A Model Built on Educated Guesses
The researchers couldn't simply follow real salmon. Tagging studies exist, but they capture only fragments of the journey—a detection here, a recapture there. To fill the gaps, the team constructed a behavioral model based on the best available evidence about how salmon might navigate.
The model assumed young salmon follow three cues. First, they swim with or against ocean currents, a behavior observed in coastal waters. Second, they follow gradients in salinity—the boundary between fresh and saltwater. Salmon have an exquisite sense of smell; they might detect subtle chemical differences in the water and use them as signposts. Third, once they reach deeper water near the continental shelf edge, they add a directional component, swimming on a consistent magnetic bearing toward the northeast.

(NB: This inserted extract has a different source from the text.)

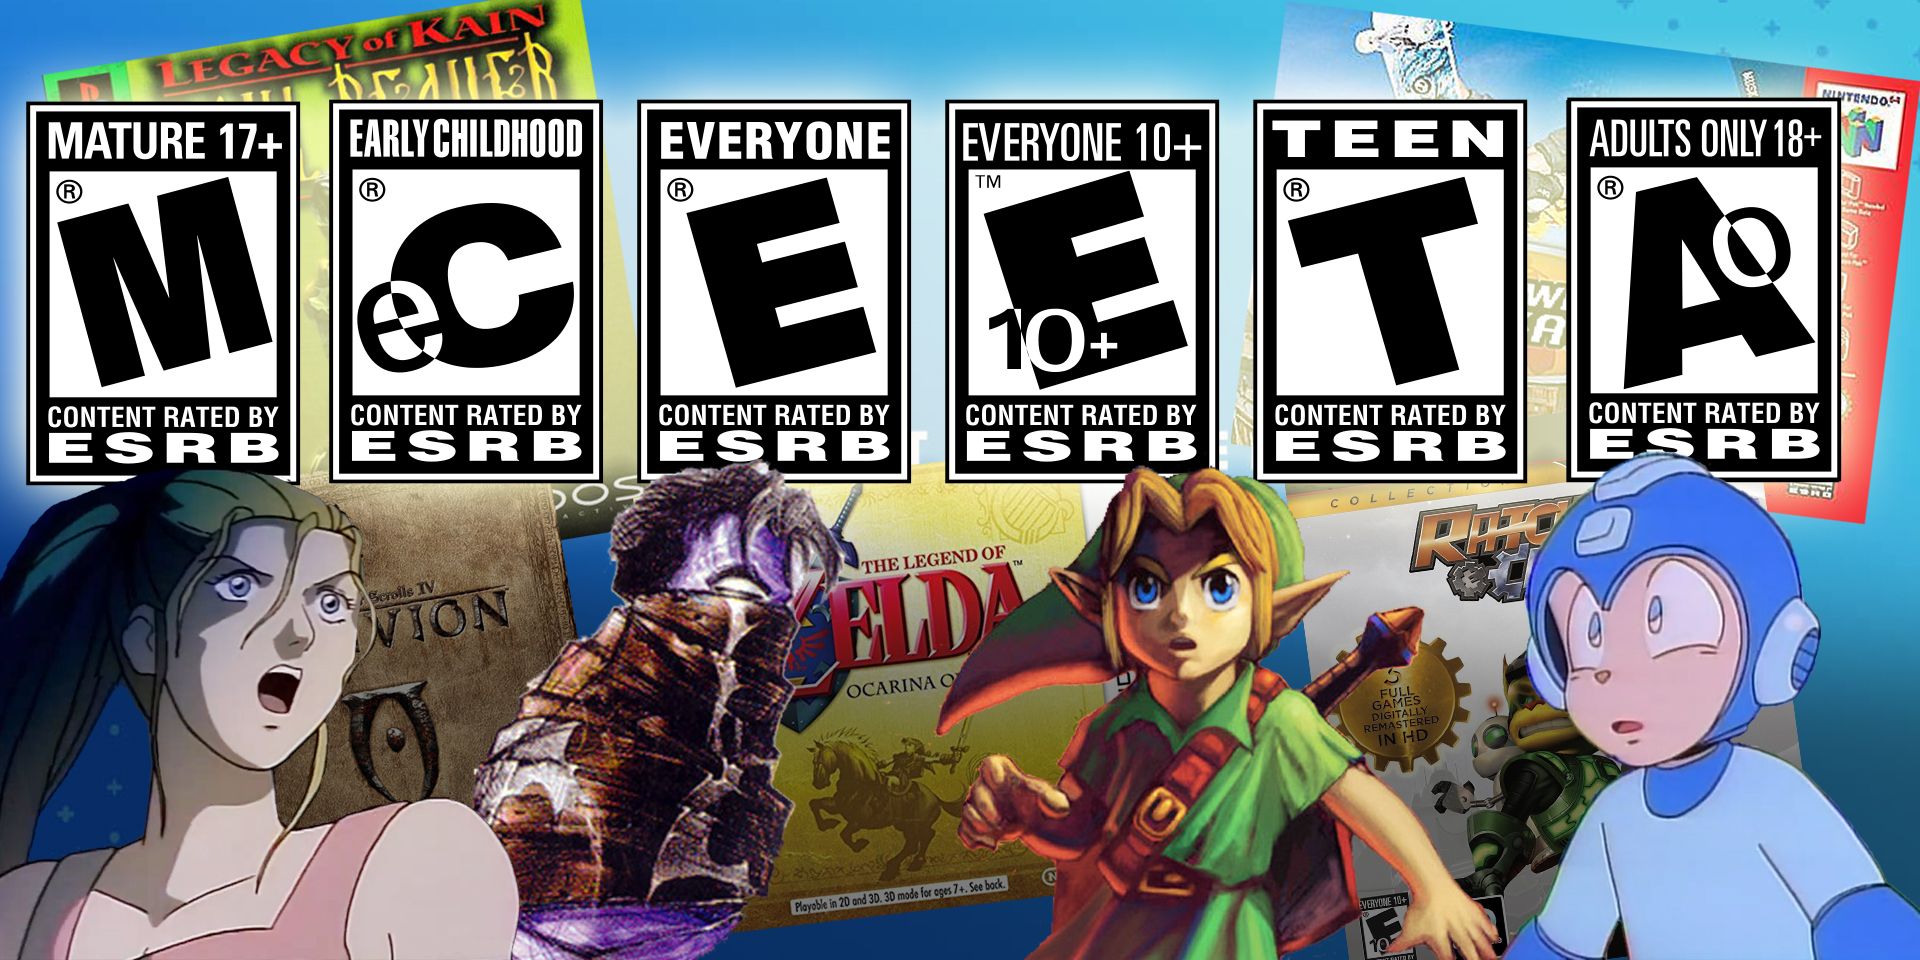 Half of All ESRB Ratings Assigned in 2022 Were E for Everyone
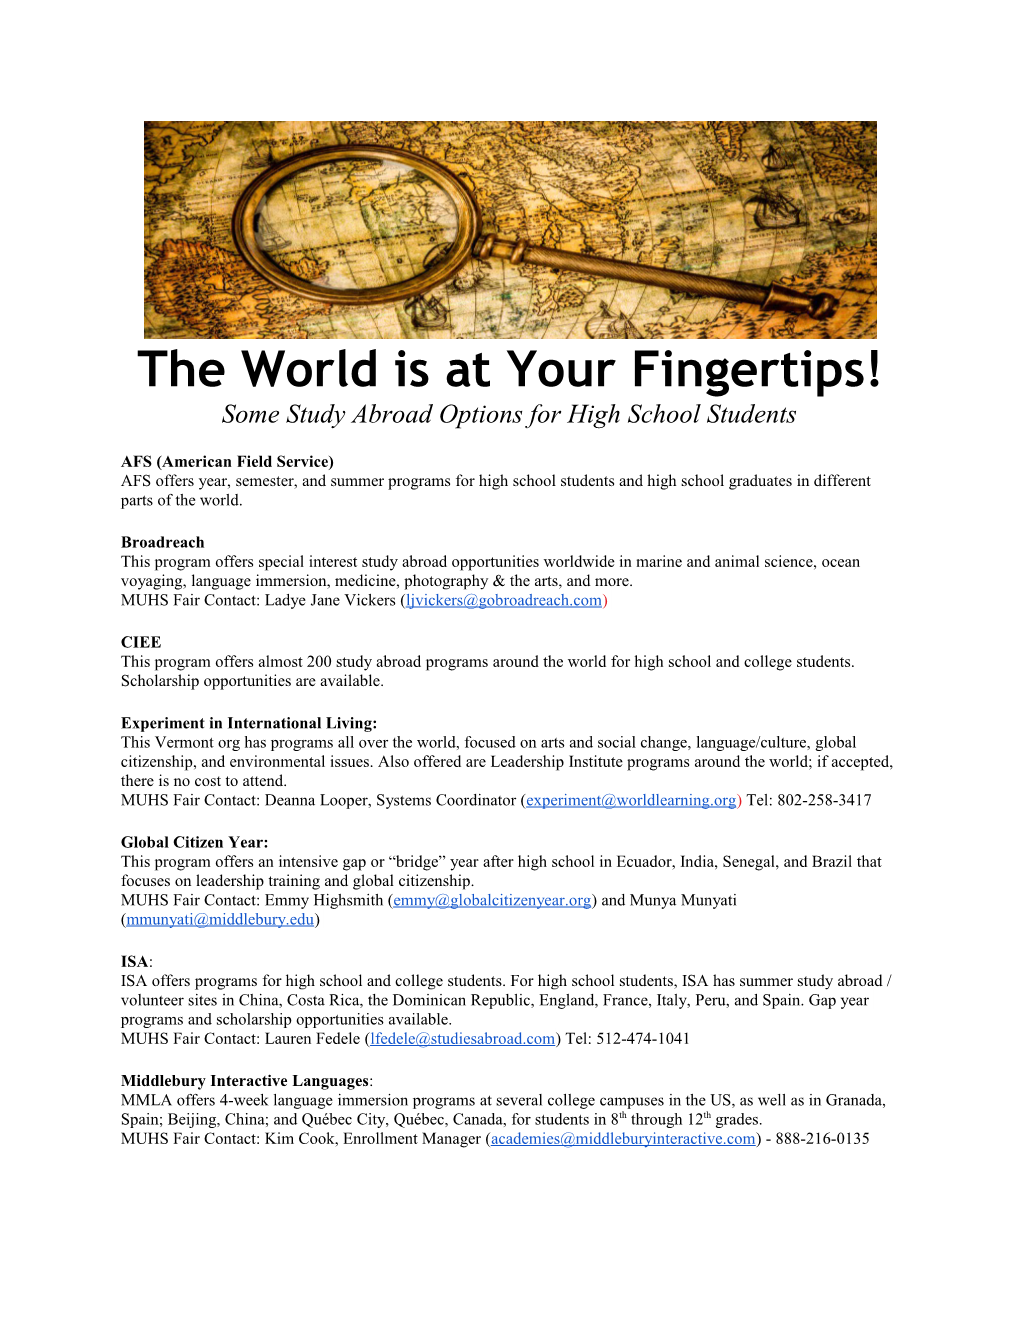 The World Is at Your Fingertips!

This switch in behavior—triggered by depth—mirrors how many migratory animals use different strategies at different stages of a journey. Think of it as changing from local street navigation to highway driving.
The model doesn't claim to represent every stroke of a salmon's tail. It works at a larger scale, integrating many small decisions into an overall trajectory. But when the researchers compared their simulations to real observations of post-smolts captured near the shelf edge in 2008, the fit was good. The virtual fish were in the right place at the right time.
Geography Is Destiny
Not all rivers are created equal. The model showed that salmon from rivers closest to the continental shelf edge had the highest migration success. Those from rivers farther inland—particularly along Scotland's west coast and southwestern Ireland—struggled. Many turned south into the Irish Sea or Celtic Sea instead of heading northwest. Distance matters.
This aligns with recent tracking studies. In one, researchers found that the minimum distance a young salmon had to travel strongly predicted its chance of survival. The farther the journey to deep water, the greater the risk.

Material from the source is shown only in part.